• _TASK BRIEF_
The expected output is every line of the data exactly as shown, minus the images.

=== DATA SEGMENT ===

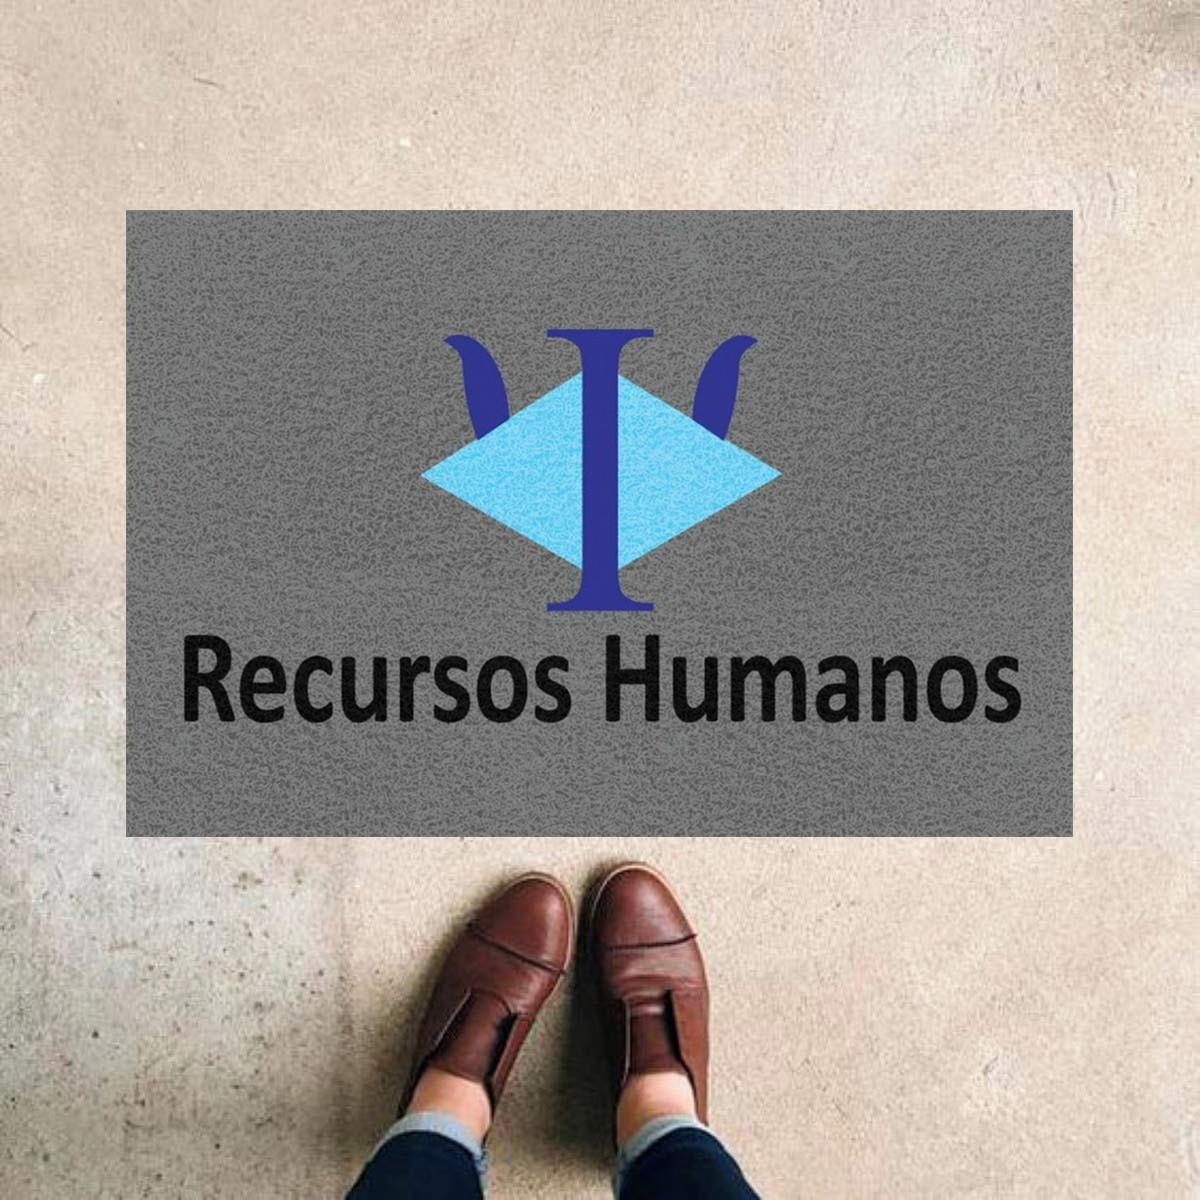 TAPETE CAPACHO RECURSOS HUMANOS
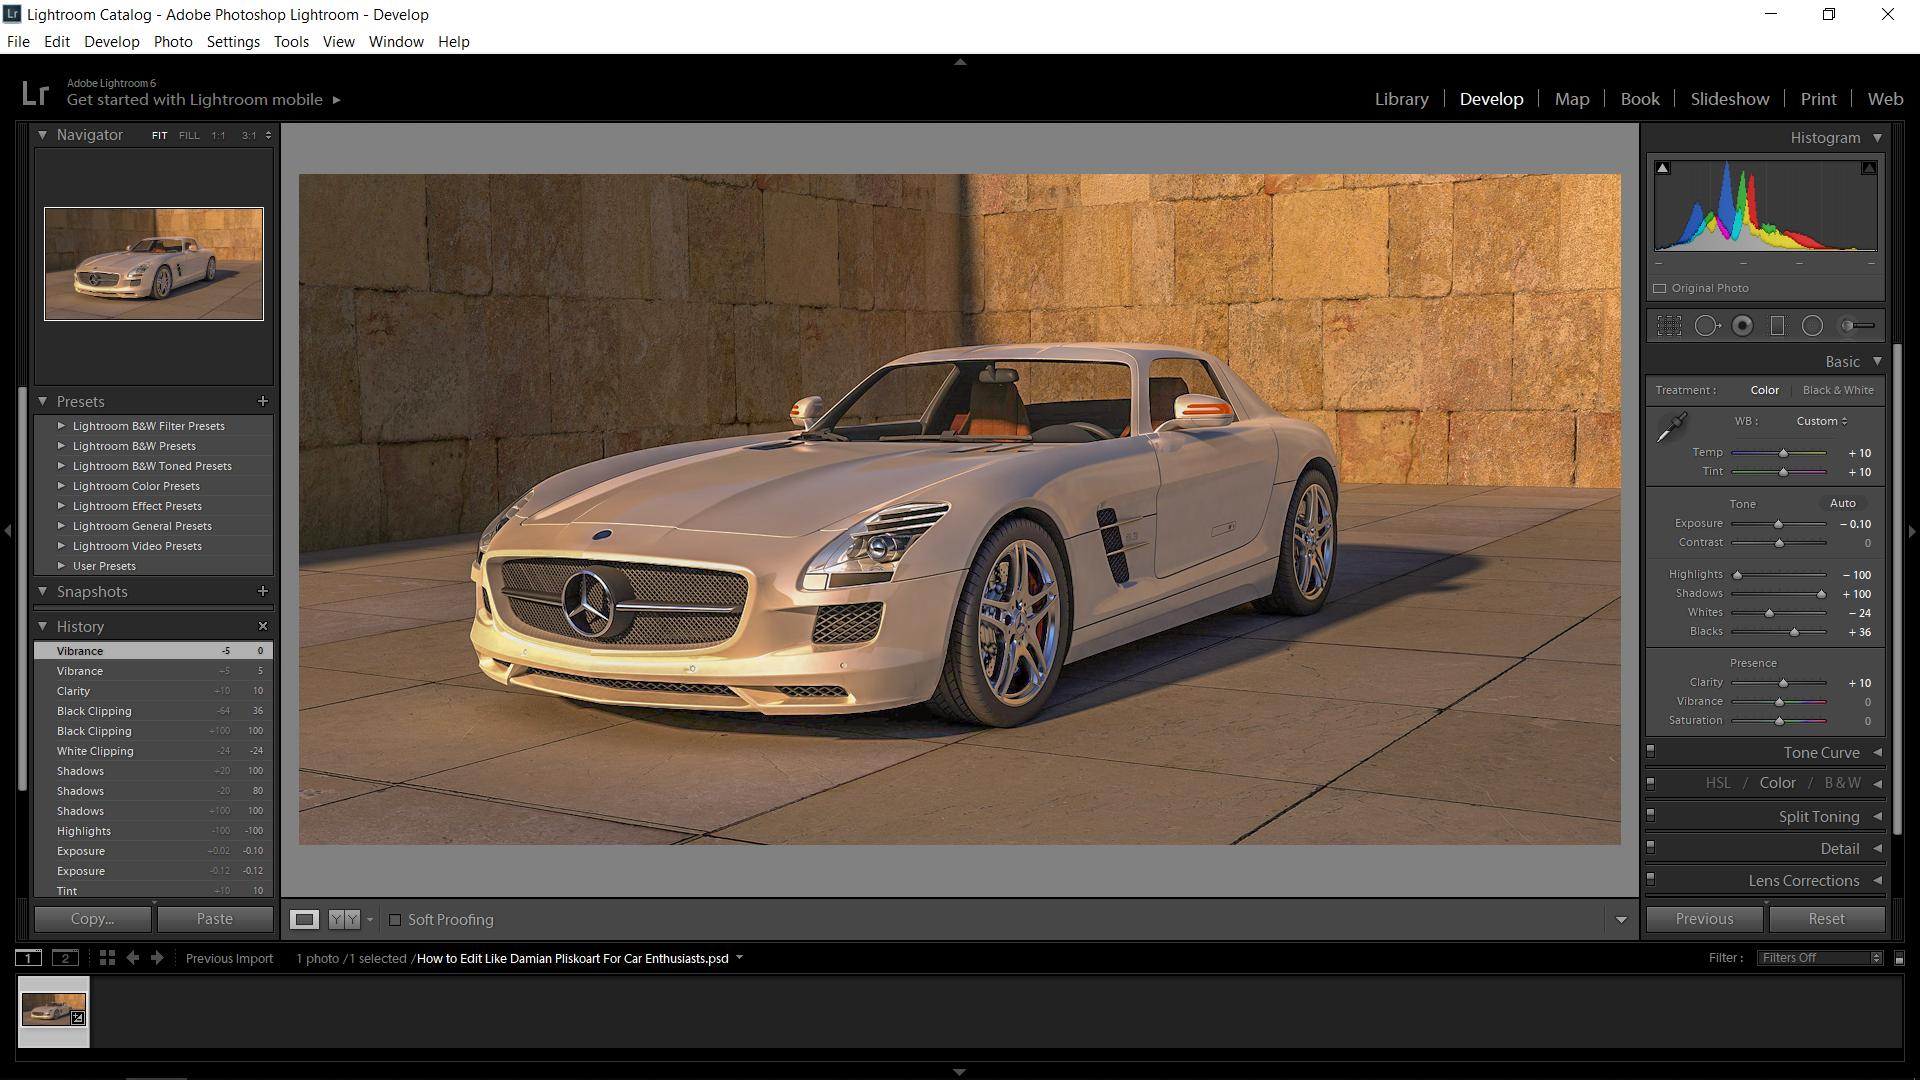 Edit Like Damian Pliskoart For Car Enthusiasts
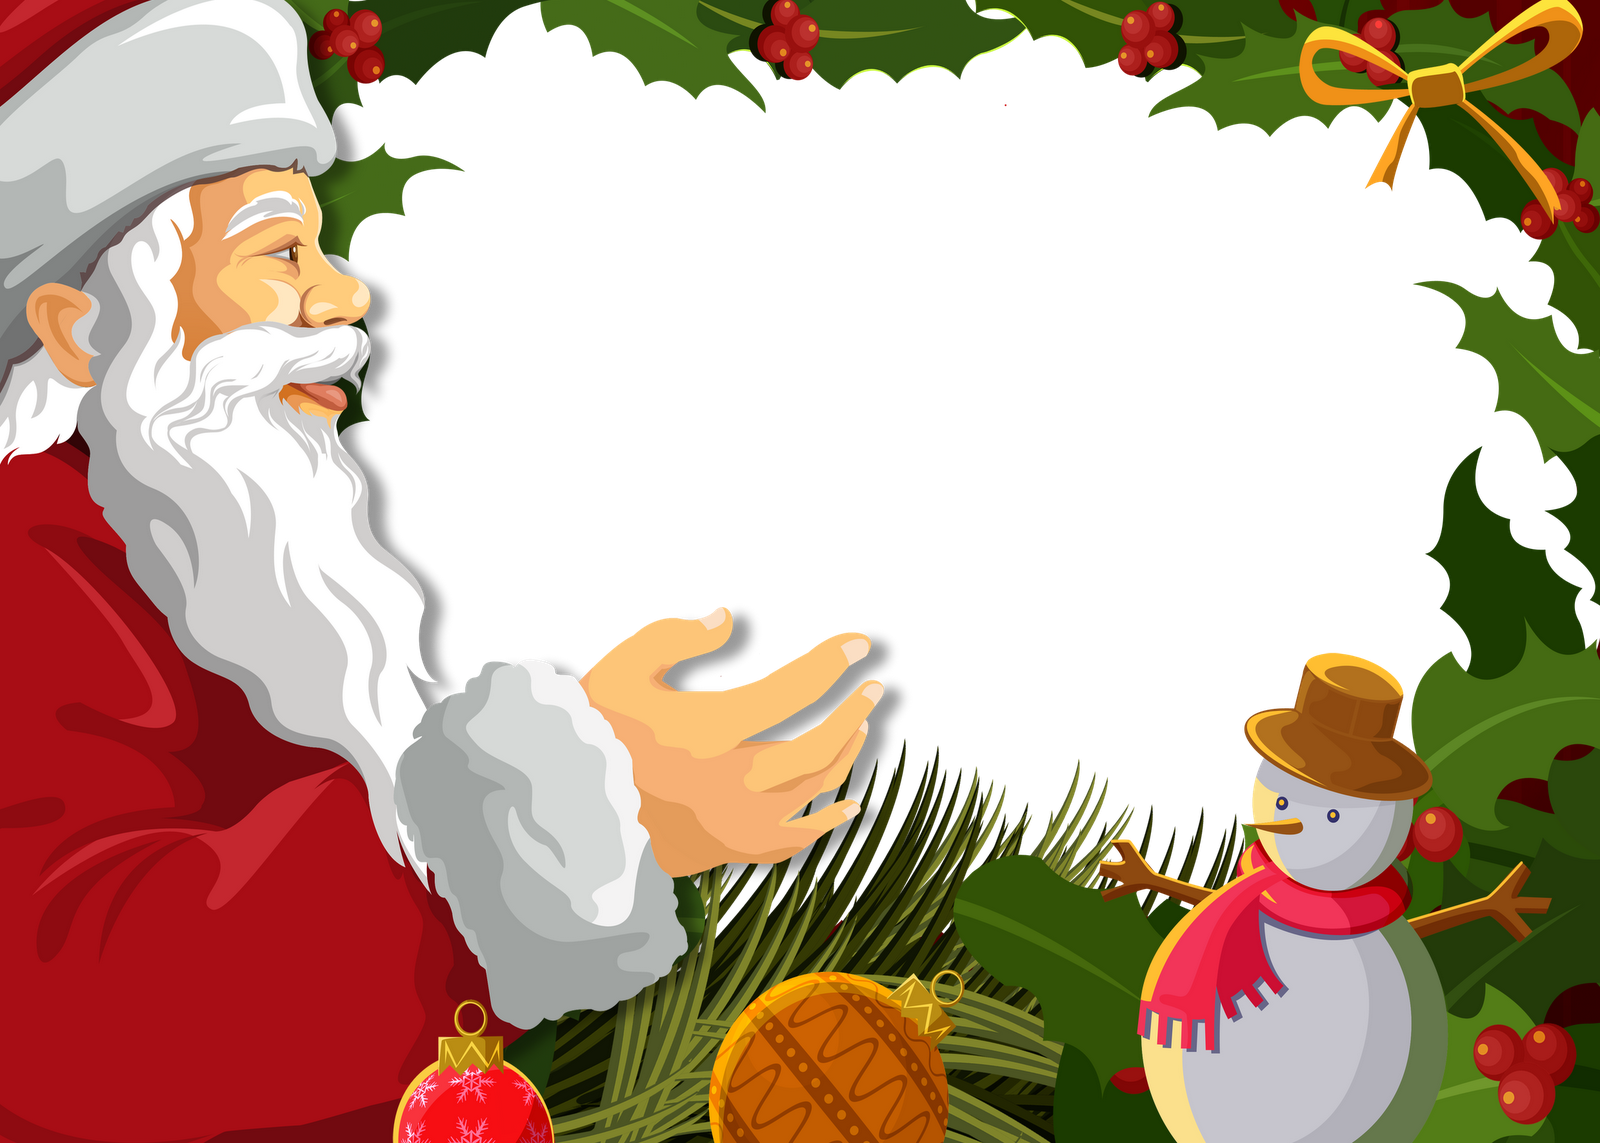 Montajes De Navidad Para Fotos Gratis

===

• _EXERCISE RESPONSE_
 TAPETE CAPACHO RECURSOS HUMANOS
 Edit Like Damian Pliskoart For Car Enthusiasts
 Montajes De Navidad Para Fotos Gratis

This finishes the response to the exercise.